Time and Space Complexity:
- Time Complexity: O(N) because we iterate through the array once. The comparisons and swaps within the loop take constant time.
- Space Complexity: O(1) as we are using a constant amount of extra space for variables like the flag and temporary variables for swapping.
Choosing the Right Approach
Both the naive sorting approach and the efficient linear time approach successfully convert an array into zig-zag fashion. However, the choice between them depends on the specific needs of your application:
-
Naive Approach (Sorting):
- Simpler to understand and implement, especially for beginners.
- Suitable for smaller arrays where the O(N*log(N)) time complexity is acceptable.
- Might be preferred when code readability and ease of maintenance are prioritized over absolute performance for moderately sized inputs.
-
Efficient Approach (Linear Time):
- Offers optimal time complexity of O(N), making it significantly faster for larger arrays.
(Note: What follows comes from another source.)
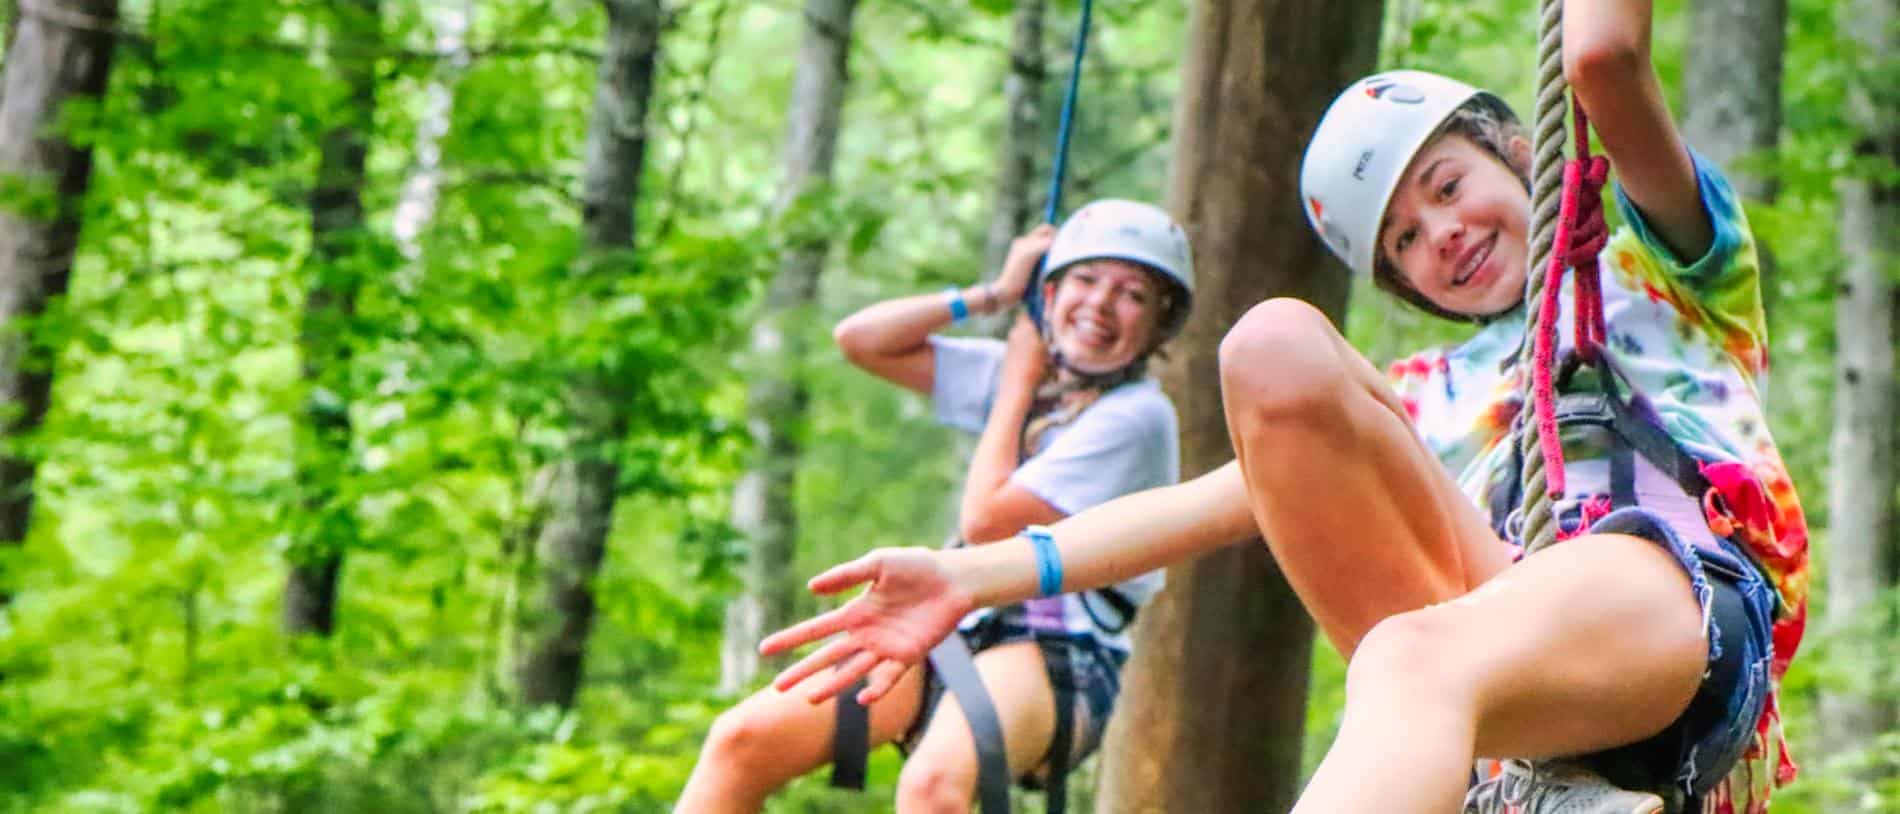 North Carolina camp girls climbing on ropes

- Slightly more intricate logic compared to the sorting approach.
- The preferred choice when performance is critical, especially when dealing with large datasets or in time-sensitive applications.
In scenarios where performance is paramount or when working with large arrays, the linear time approach is undoubtedly the better option. However, for smaller arrays or situations where simplicity is favored, the sorting-based naive approach remains a viable and understandable solution to convert an array into zig-zag fashion.